A GitHub page on the inputs for PCRGlobWB 2.0.
Wflow#
Let us start with the documentation of Wflow, which is available here. Wflow is a fully distributed, open-source hydrological modeling framework developed by Deltares. It supports multiple process representations (e.g., HBV, SBM, routing) and is designed for both research and operational use, including flood forecasting and water resource management. In addition to the standard implementation, Wflow Julia is also available in via WflowJl, offering improved performance and integration with the growing Julia ecosystem for scientific computing.
Benefits#
Ideal for catchment to regional-scale modeling with high spatial detail.

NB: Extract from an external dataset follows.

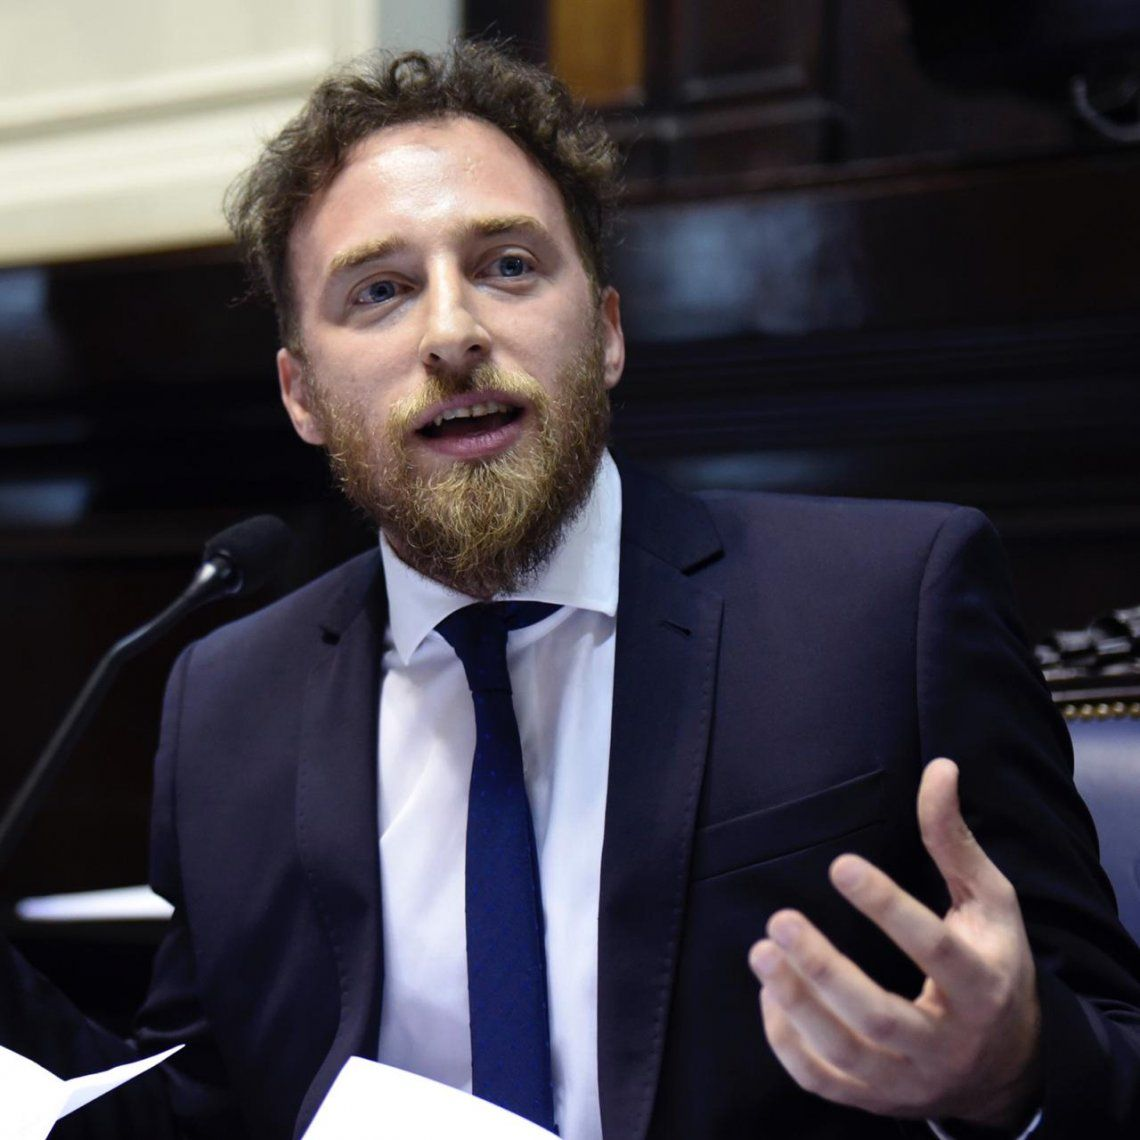 Federico Otermín cruzó a Cambiemos por no tratar la Ley de Financiamiento: Es una irresponsabilidad galopante dejar a la Provincia sin recursos en un momento como este

More flexible and extensible than HBV or PCR-GlobWB.
Better for operational and real-time forecasting scenarios.
Uses modern formats (NetCDF, YAML) and integrates easily into scientific workflows (e.g., eWaterCycle).
Strong support for modularity, making it easier to adapt to specific hydrological or climatic contexts.
Outputs#
Discharge
Precipitation
Evapotranspiration
Runoff
Soil moisture
Storage – groundwater, snow, canopy, etc.
Infiltration and percolation
Snow water equivalent – if snow processes are modeled
Model Needs#
Forcing
Precipitation
Temperature
Evapotranspiration
Parameter set
requires HydroMT [work in progress]